Practitioner noteWe run a scoping session at the start of every engagement specifically to map your balance sheet against the applicable standards — this alone often surfaces items management did not realise required a fair value note.
What is the fair value hierarchy, and why does the Level classification matter so much?

Level 1 uses quoted prices in active markets for identical items — the most objective category. Level 2 uses observable inputs other than quoted prices — for example, prices for similar assets, or model inputs derived from observable market data. Level 3 uses unobservable inputs — DCF models, adjusted comparable multiples, and option pricing models typically fall here. The classification determines the extent of disclosure required: Level 3 items require disclosure of the valuation technique, significant unobservable inputs, and a sensitivity analysis to reasonably possible alternative assumptions — a materially higher disclosure burden than Level 1 or 2.

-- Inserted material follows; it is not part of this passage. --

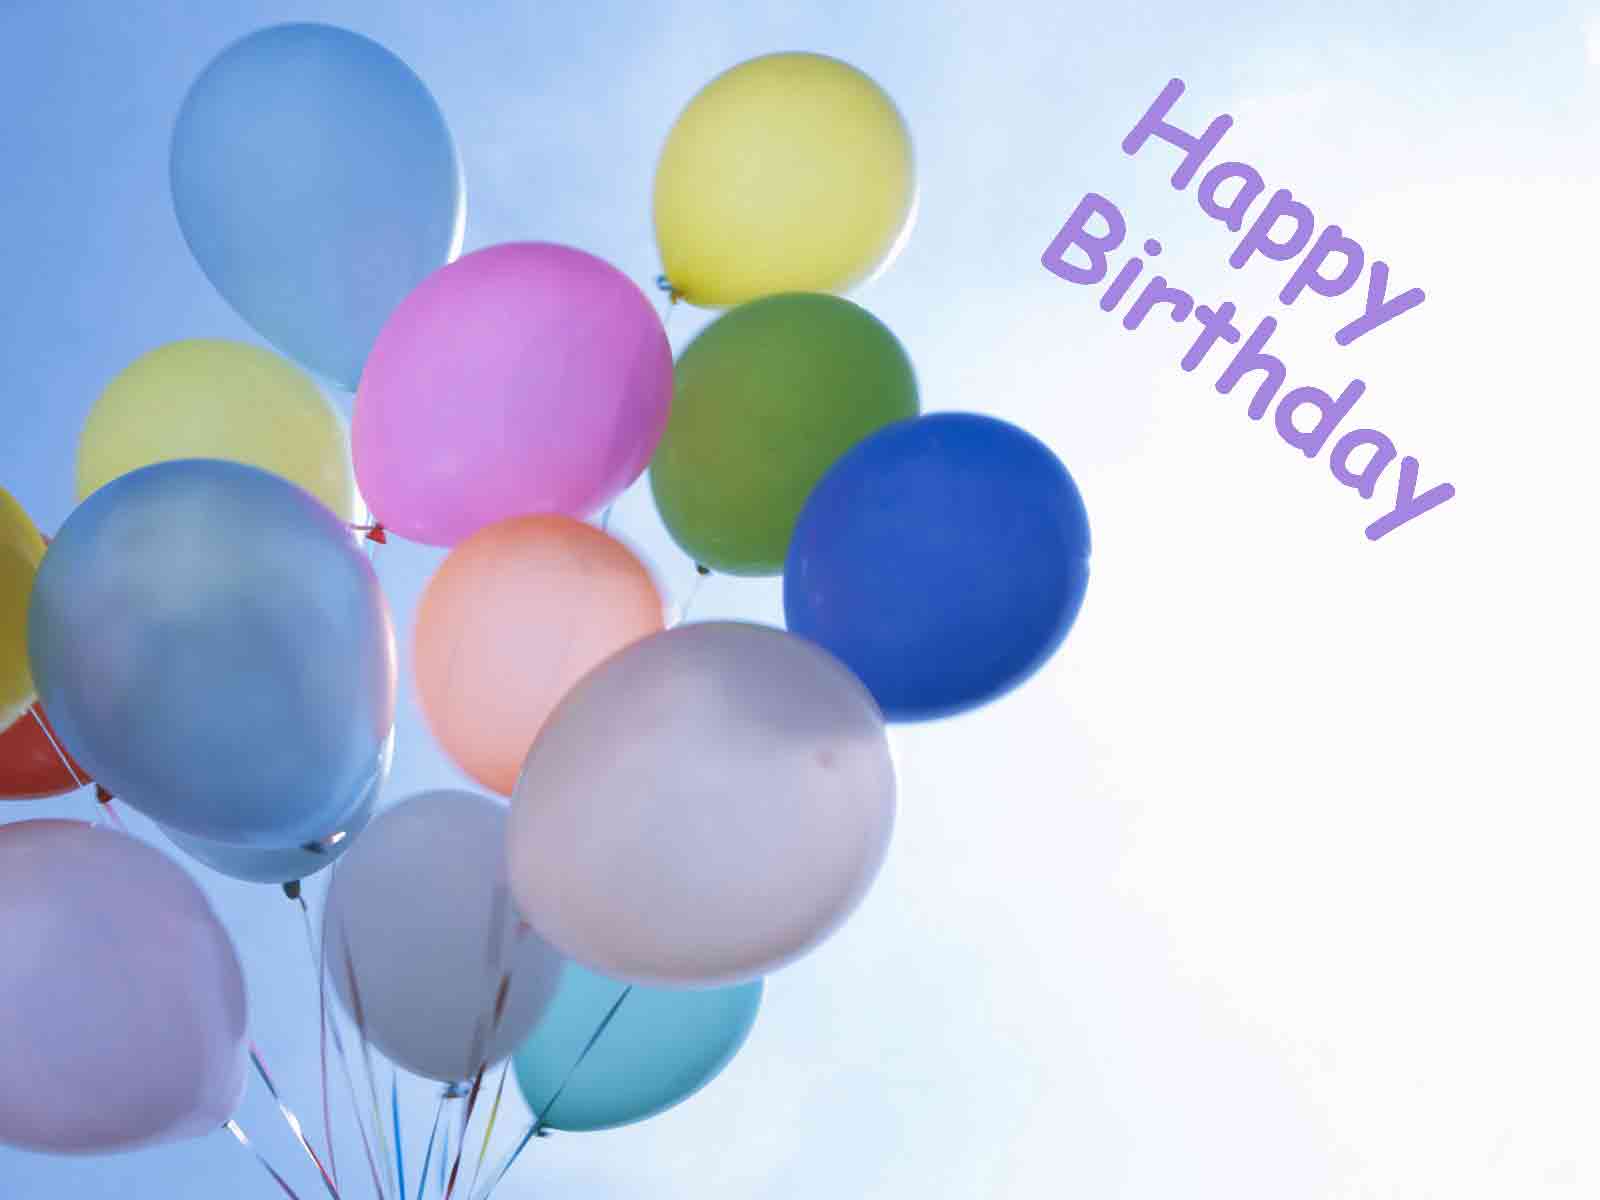 Happy Birthday Balloon Bunch 309955 Image HD Wallpaper. Wallfoy.com

Practitioner noteMisclassifying a Level 3 measurement as Level 2 to avoid the sensitivity disclosure is a red flag auditors are specifically trained to look for. We classify conservatively and document the basis explicitly.
Who is qualified to perform a Fair Value Assessment under Ind AS 113?

Ind AS 113 itself does not mandate a specific professional qualification for the valuer — it is a measurement standard, not a licensing regime. In practice, statutory auditors expect the work to be performed or reviewed by a professionally qualified valuer — typically a Chartered Accountant with valuation expertise, or in some cases an IBBI-Registered Valuer, particularly for complex business valuations feeding into a PPA. The auditor evaluates the competence, capability, and objectivity of the valuer under SA 500 and SA 620 (using the work of a management's expert / auditor's expert) — so the valuer's credentials and independence matter even though not formally mandated by the accounting standard.

Practitioner noteWe ensure every fair value report we issue includes an explicit statement of the valuer's qualification and independence — this is the first thing the statutory audit engagement team checks before relying on the report.
How is a Fair Value Assessment different from a Rule 11UA valuation for tax purposes?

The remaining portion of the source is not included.